TASK TO CARRY OUT
Repeat all of the data below word for word, keeping no images.

RECORDED DATA
+++++
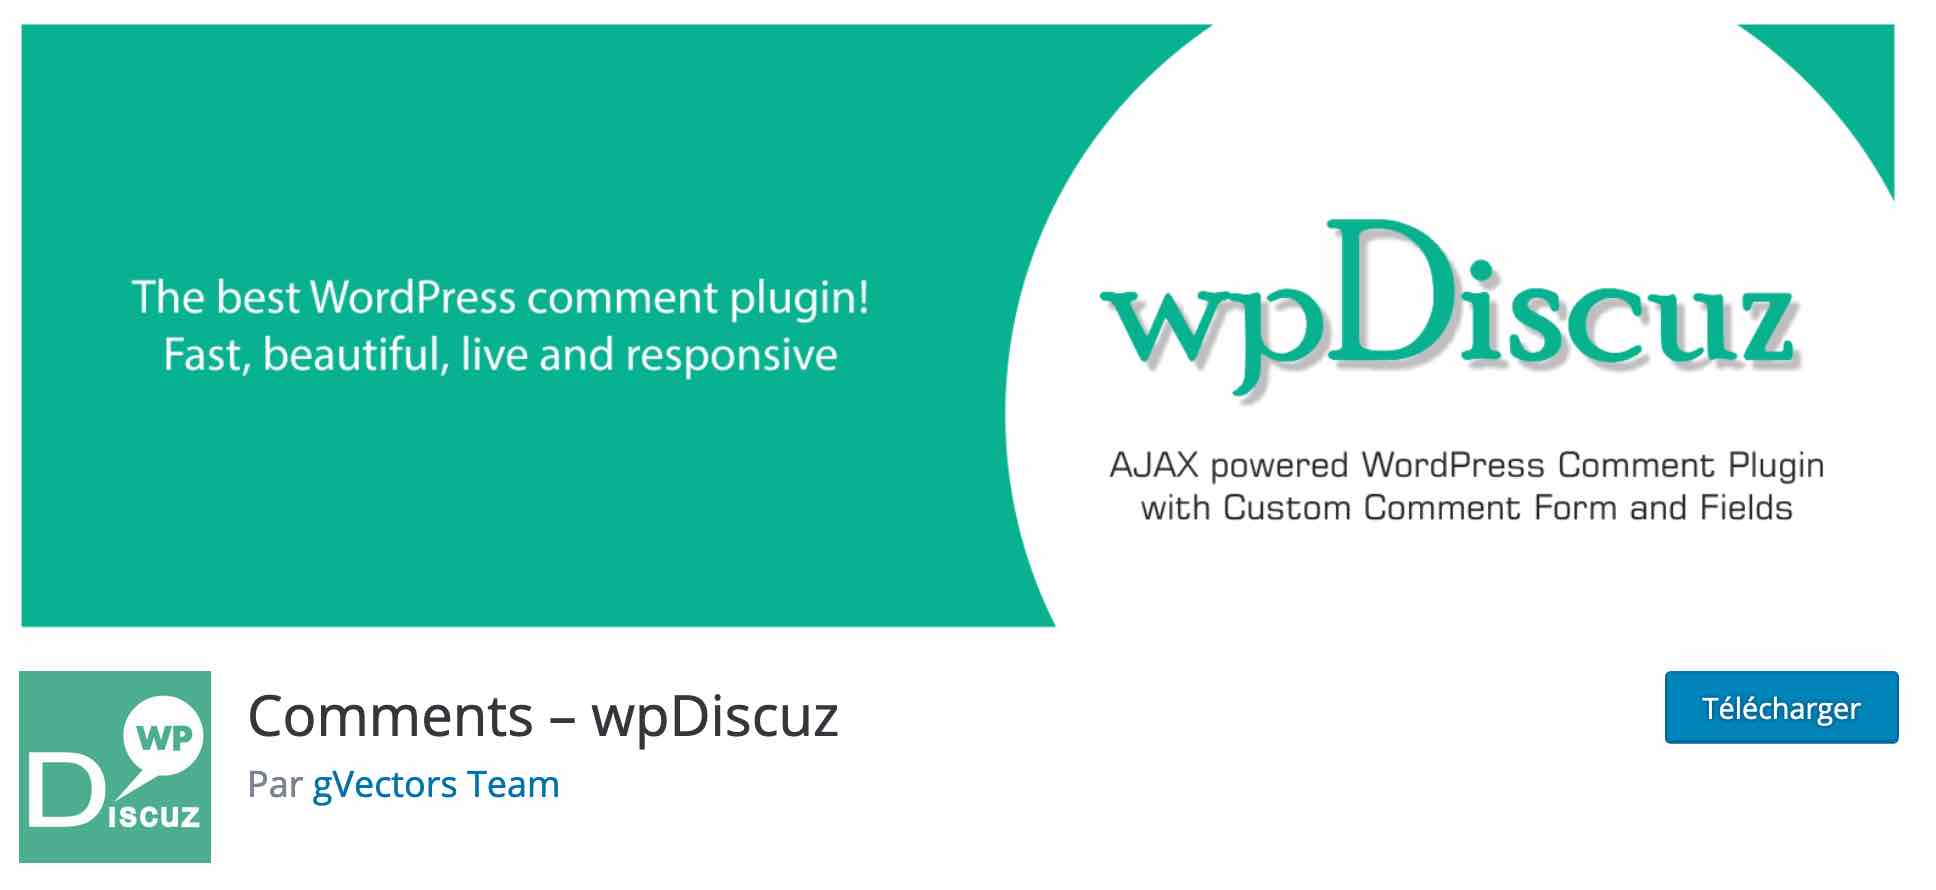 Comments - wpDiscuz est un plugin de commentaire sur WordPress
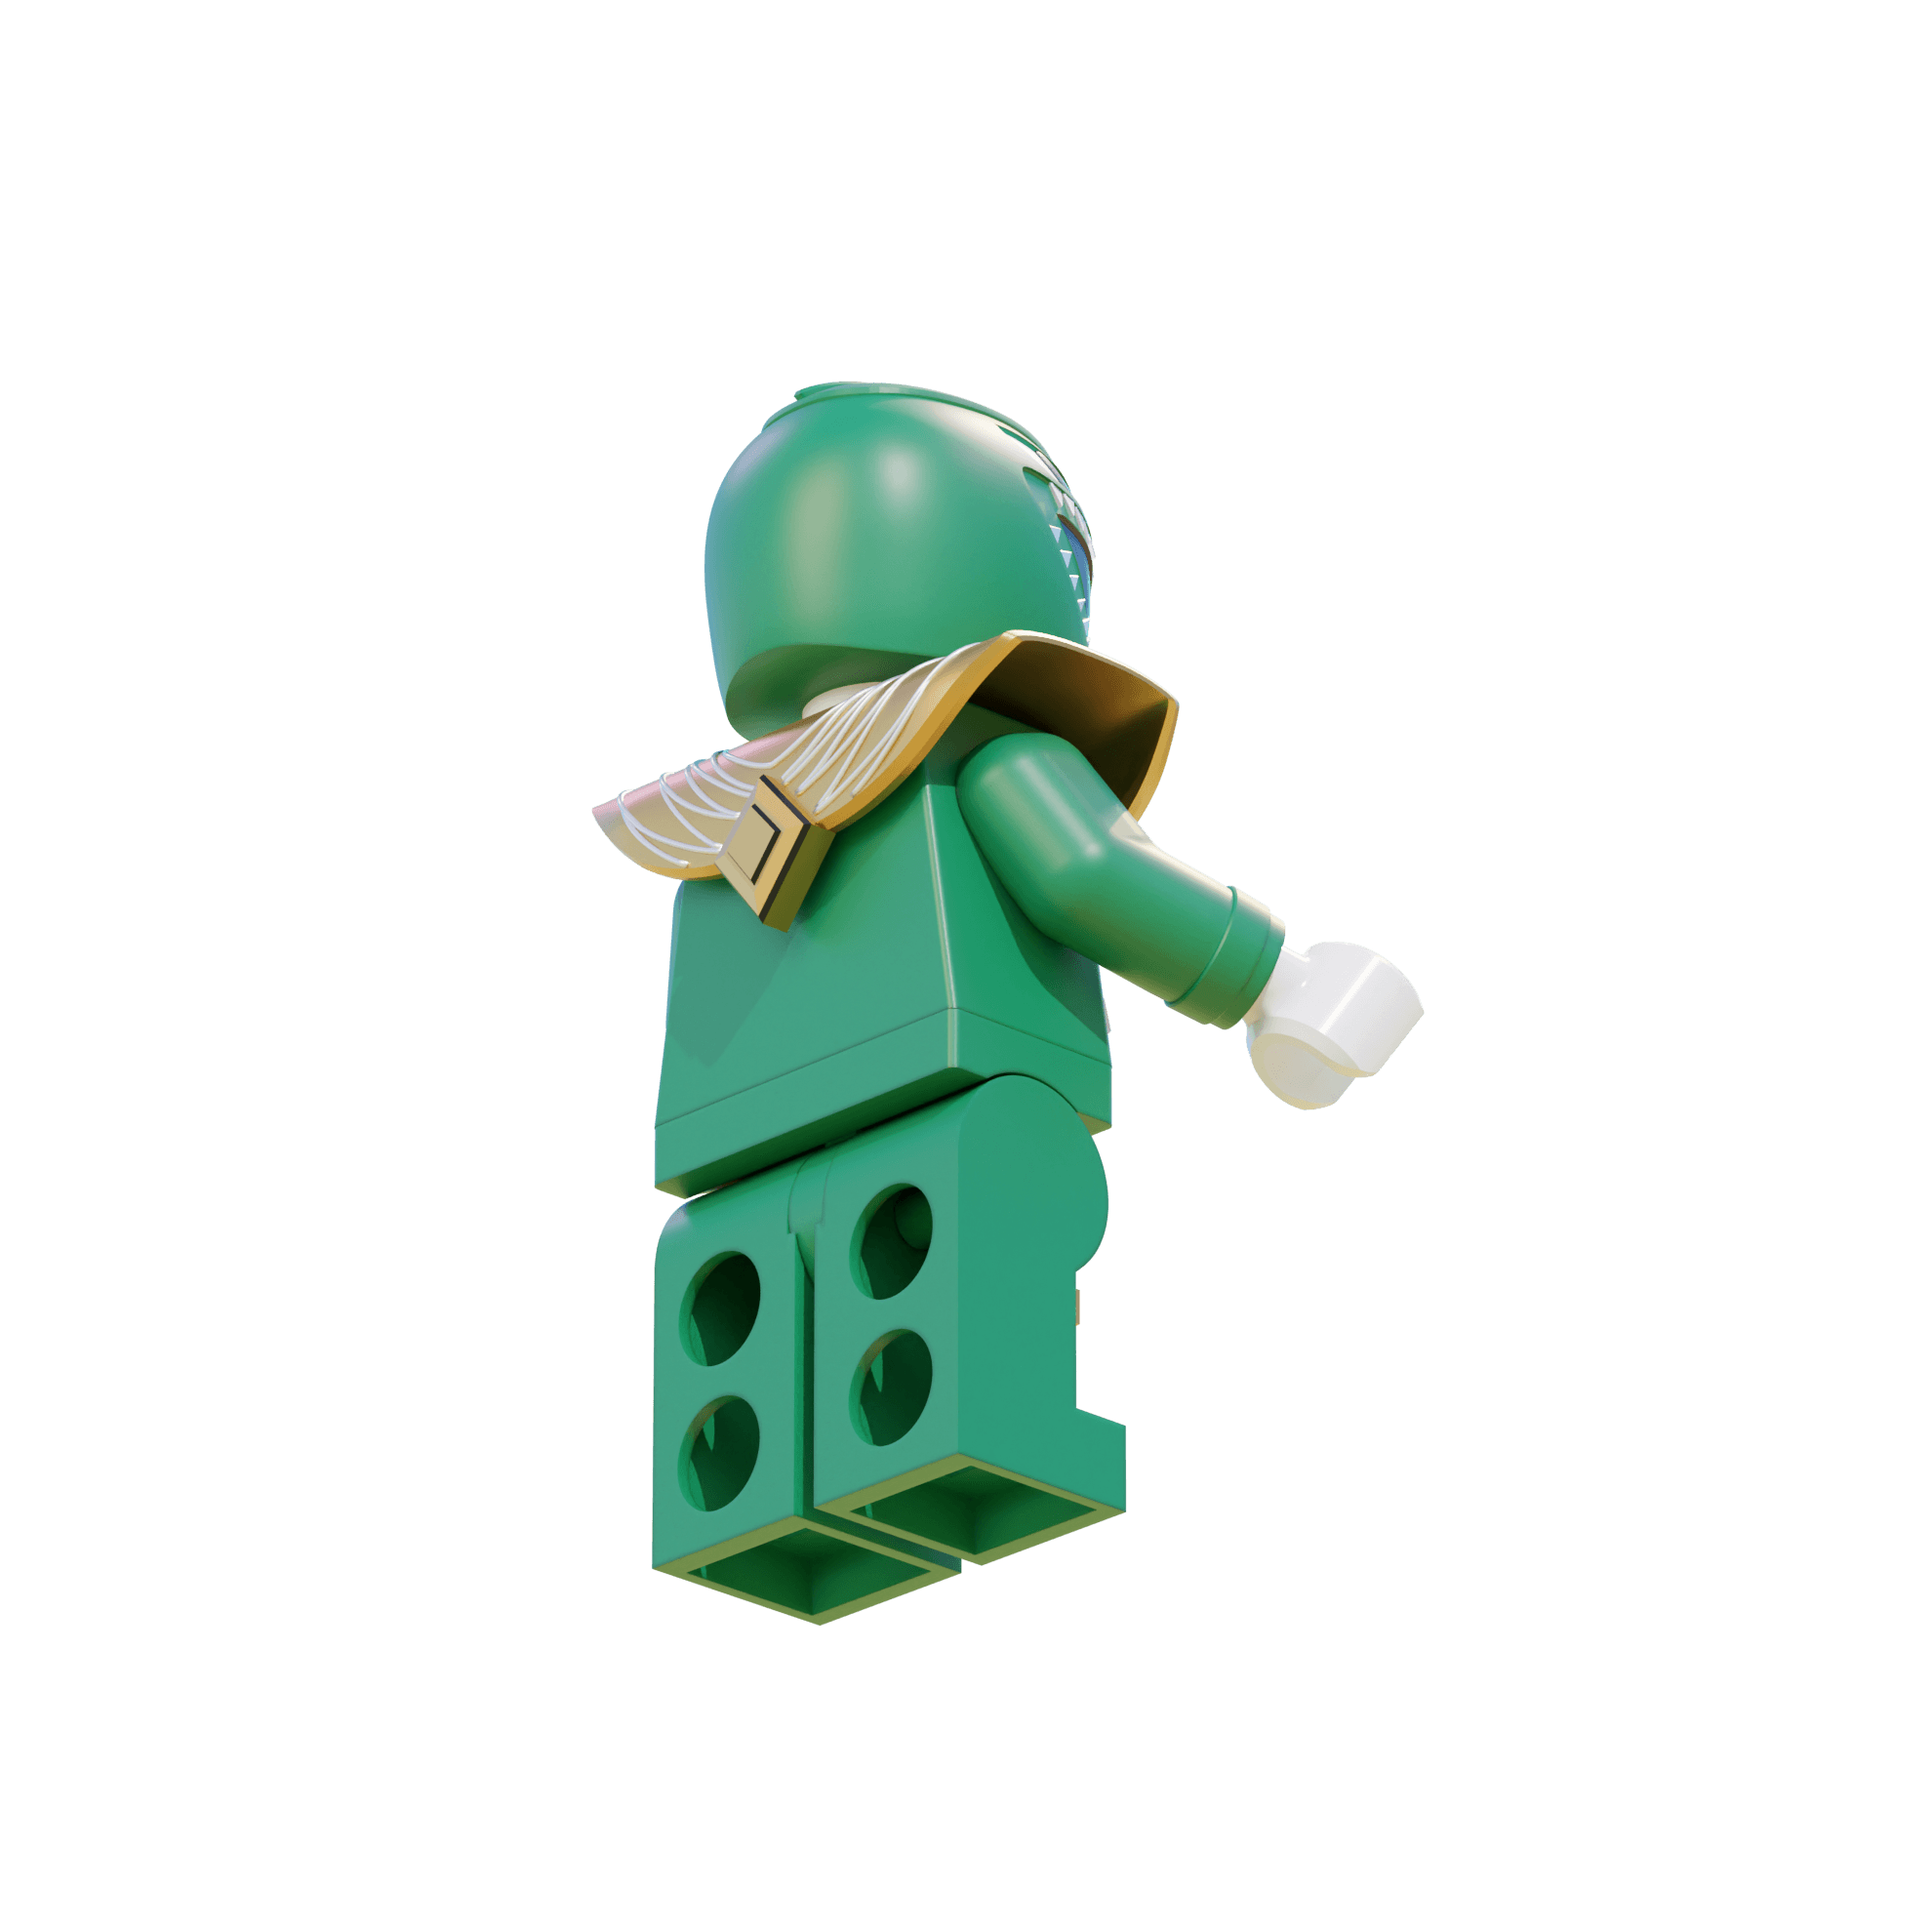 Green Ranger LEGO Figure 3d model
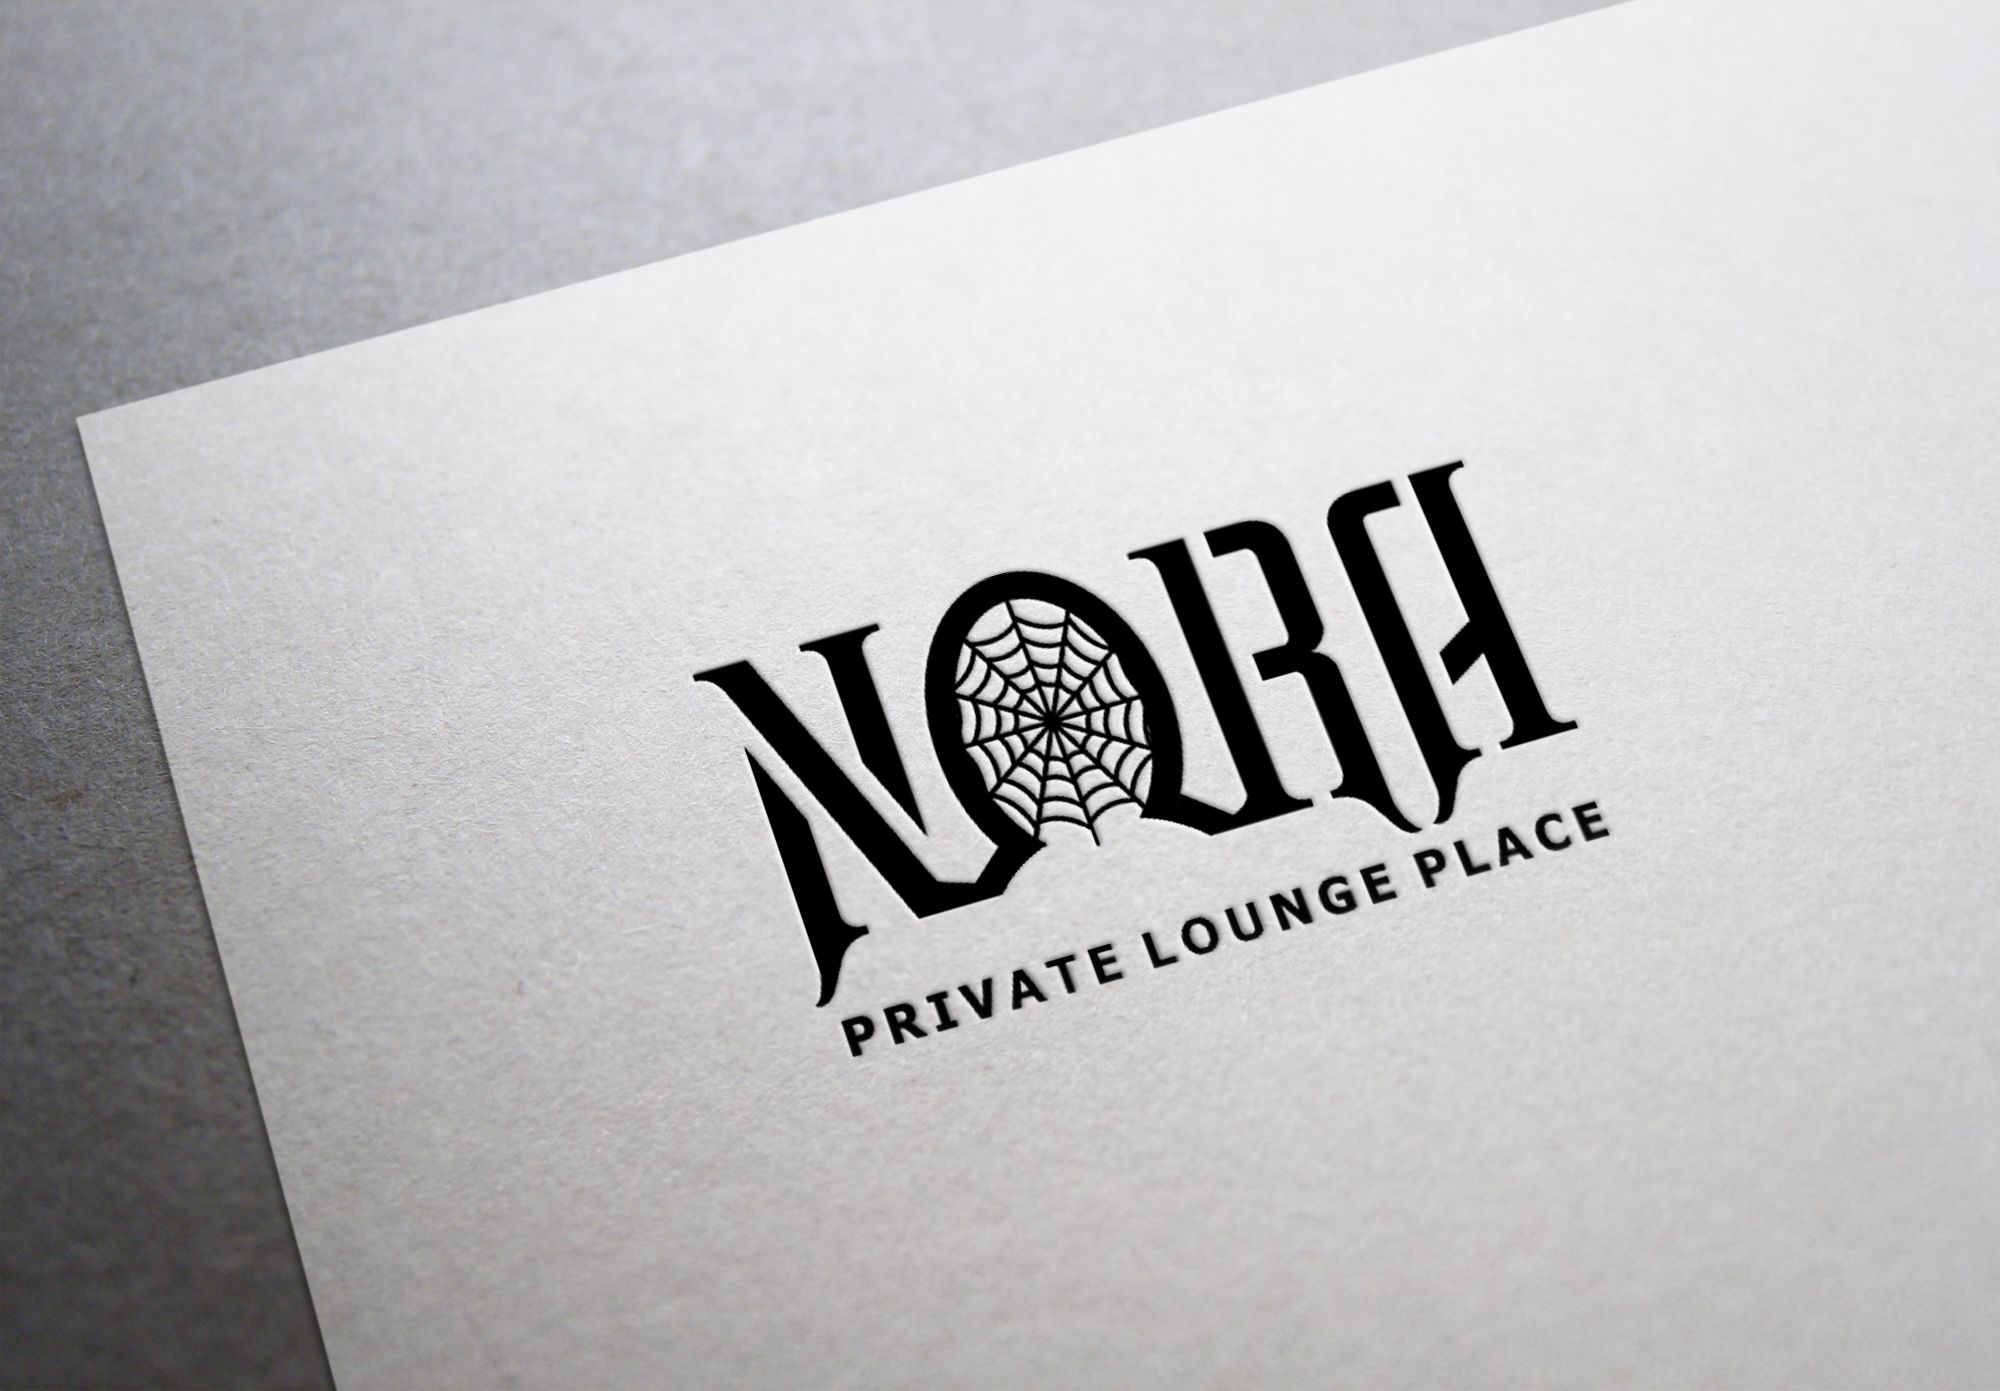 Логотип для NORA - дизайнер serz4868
+++++
TASK OUTPUT
 Comments - wpDiscuz est un plugin de commentaire sur WordPress
 Green Ranger LEGO Figure 3d model
 Логотип для NORA - дизайнер serz4868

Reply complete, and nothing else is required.